The two solutions proposed by the EPA are that the state use its regulatory and legislative authorities to include new combined cycle natural gas units in its allowance trading program, or employ an allowance allocation scheme designed to preferentially incentivize generation from existing natural gas units over new, the study pointed out.
“Consecutive waves of coal unit retirements due to EPA regulations for other pollutants, rapid expansion of combined cycle natural gas capacity driven by low gas prices, and unprecedented deployment of new wind and solar has achieved a large portion of early emissions reductions required by the rule,” the study said. “Although many states would not be able to comply in 2022 under either a mass-based or rate-based rule individually without taking actions beyond what is already planned, under the hypothetical scenario of all the states choosing compatible trading ready plans the nation as a whole is in compliance in the first 1-2 years of the program. This is not a probable scenario. In reality, how each of the states are positioned in 2022 depends on whether the states with over-compliance to trade choose to participate in the same type of plan.”

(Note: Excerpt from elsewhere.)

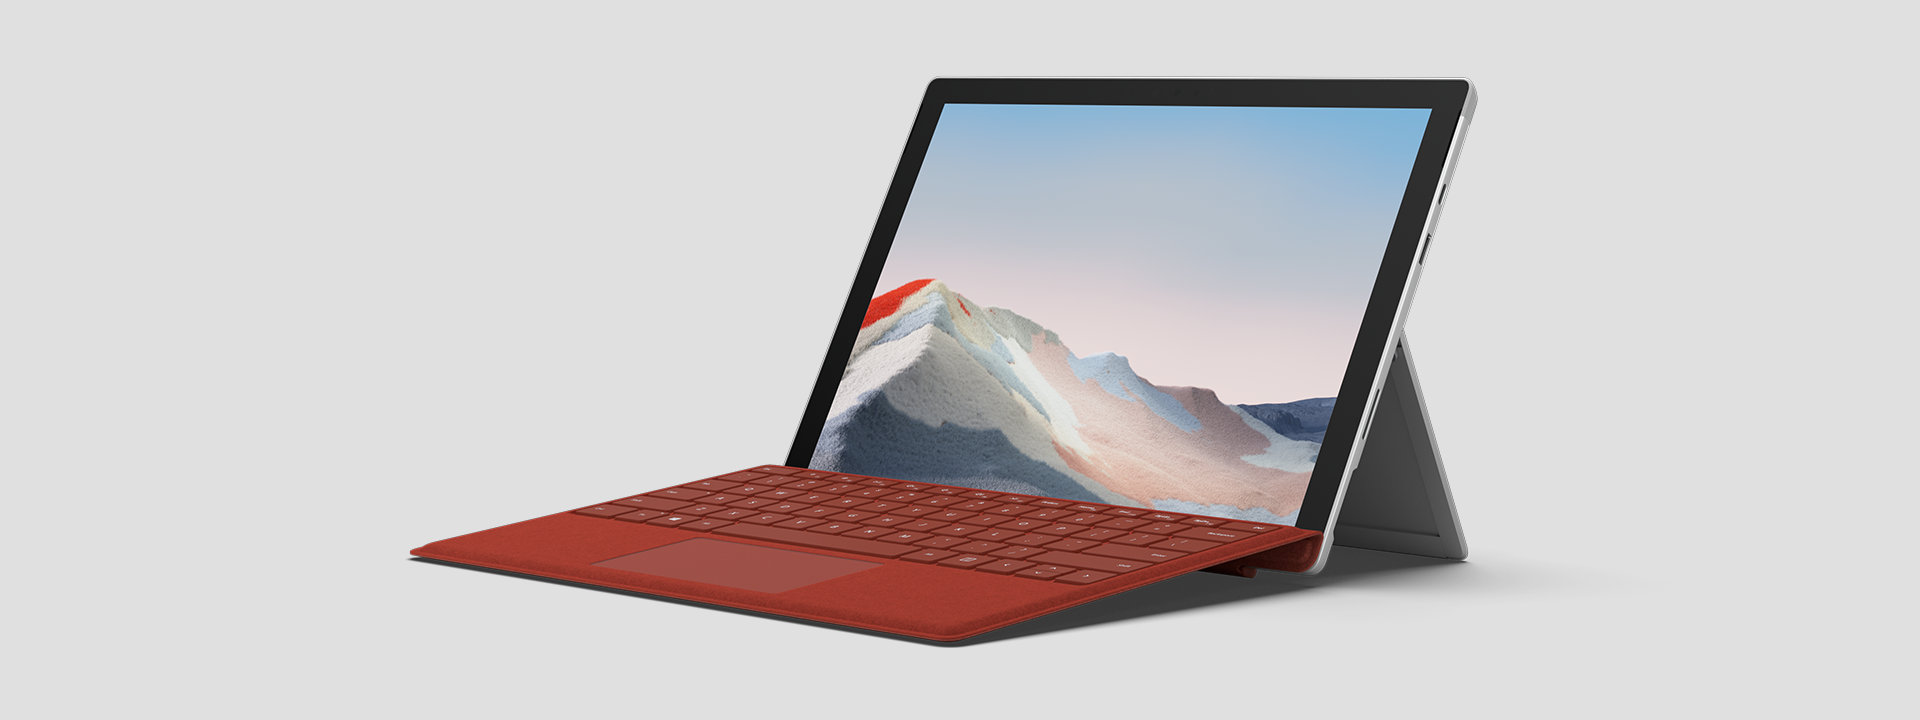 Surface Pro 7+ para empresas reposado sobre el soporte trasero y mostrando la pantalla y teclado.
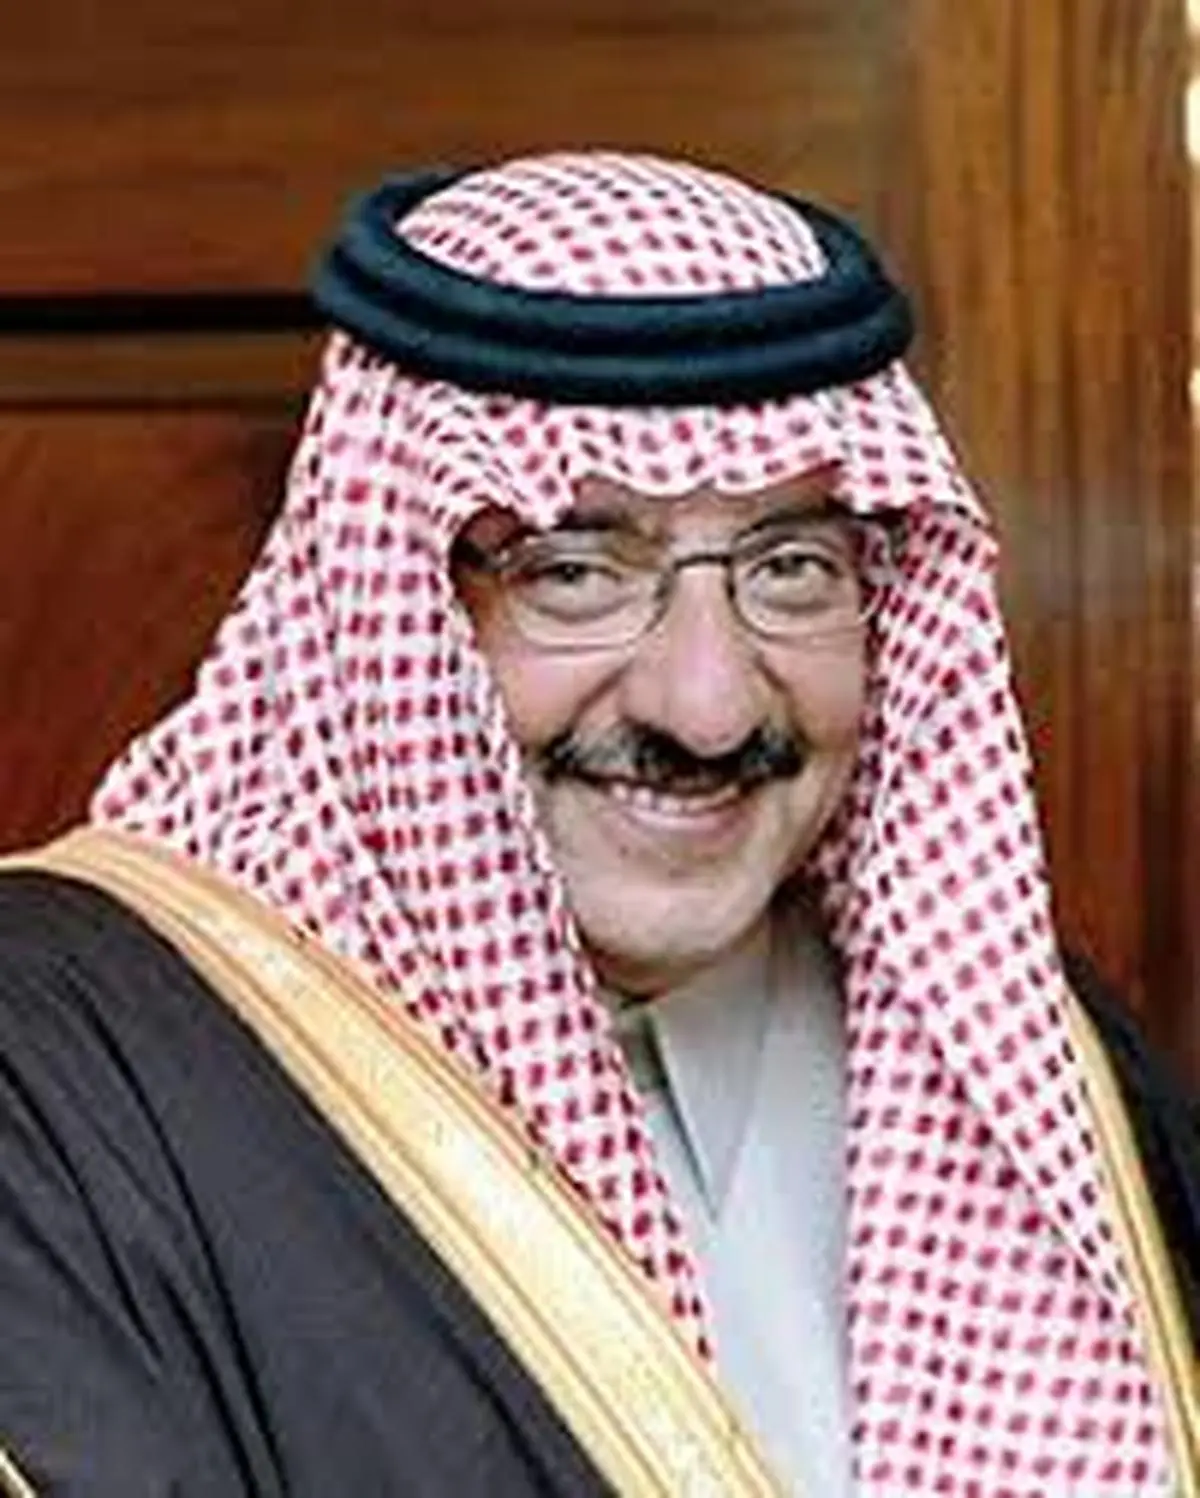 
محمد بن نایف | راز بی خبری از شاهزاده سعودی

The range of coal burn shown in the study reflects the impact of varying average annual load growth between 0 percent and 0.5 percent relative to total 2014 EGU coal burn and 2014 coal burn only by units which have not announced retirement or gas conversion plans prior to 2022. Decreasing projected natural gas prices by 10 percent reduces coal burn by about 40 million tons in 2022 and 12 million tons in 2030, with a corresponding increase in gas consumption of 600 Bcf in 2022 and 170 Bcf in 2030.